Carrier element for wastewater treatment and carrier element modification method

Abstract

The invention relates to the development of a carrier material providing high surface area for biofilm formation in wastewater treatment plants and a carrier material surface modification method for accelerating and enriching biofilm formation.

Claims

1. A surface modification method of a carrier element developed for use of microorganisms growing on biofilm, for wastewater treatment and pollutant removal, characterized by comprising the following steps of: Washing a carrier element to free it from contaminants, Liquefaction of a paraffin wax containing trace elements, Immersion of the carrier element into the paraffin wax bath for 3-5 seconds, Allowing the excess paraffin remaining on the carrier element surface to flow away and harden for 3-5 seconds, Allowing the material to dry at room temperature for 5-10 seconds.

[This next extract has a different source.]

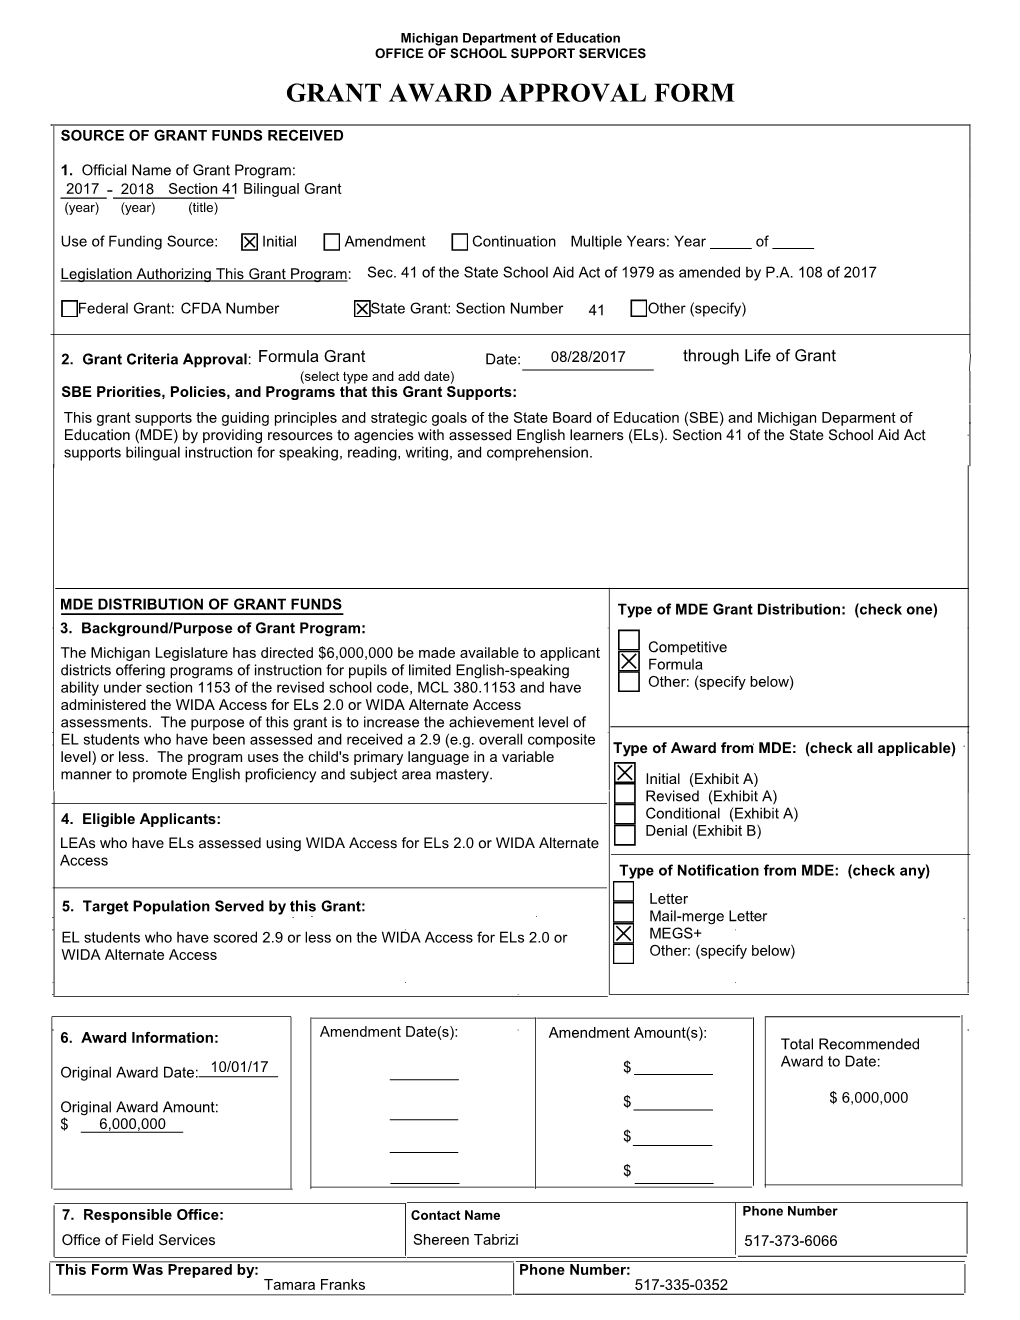 Grant Award Approval Form

2. A surface modification method according to claim 1, characterized in that paraffin-modified surface of the carrier element is impregnated with nutrients and trace elements.

3. A surface modification method according to claim 2, characterized in that the impregnation with the nutrients comprises immersion of the paraffin-modified surface of the carrier element into a nutrient solution and keeping it there for 24 hours.

4. A surface modification method according to claim 3, characterized in that the nutrient solution is a solution containing 20-30% peptone by weight.

5. A surface modification method according to claim 1, wherein the carrier element is selected from the group consisting of a cubic form carrier element (1), a cylindrical form carrier element (2) and, a second-stage plate-type carrier element (3), wherein wherein the cubic form carrier element (1) comprises: a central support section (8) three-way single biofilm growth chambers (5), three-way three biofilm growth chambers (6) and four-way two biofilm growth chambers (7), wherein the cylindrical form carrier element (2) comprises: a central support section (8) two-way biofilm growth chambers (9), three-way four biofilm growth chambers (10), a circular outer surface (11), and fins (12) of the same length as the outer surface height, wherein second-stage plate-type carrier element (3) comprises: a central support section (8), three-way three biofilm growth chambers (6), two-way biofilm growth chamber (9), four-way two biofilm growth chambers (7) and a circular outer surface (11).

6. A surface modification method according to claim 1, further comprising adding trace elements in powder form into the melted paraffin wax or immersing the carrier element coated with paraffin wax into a solution of trace elements.

Description

BRIEF DESCRIPTION OF THE SEVERAL VIEWS OF THE DRAWING(S)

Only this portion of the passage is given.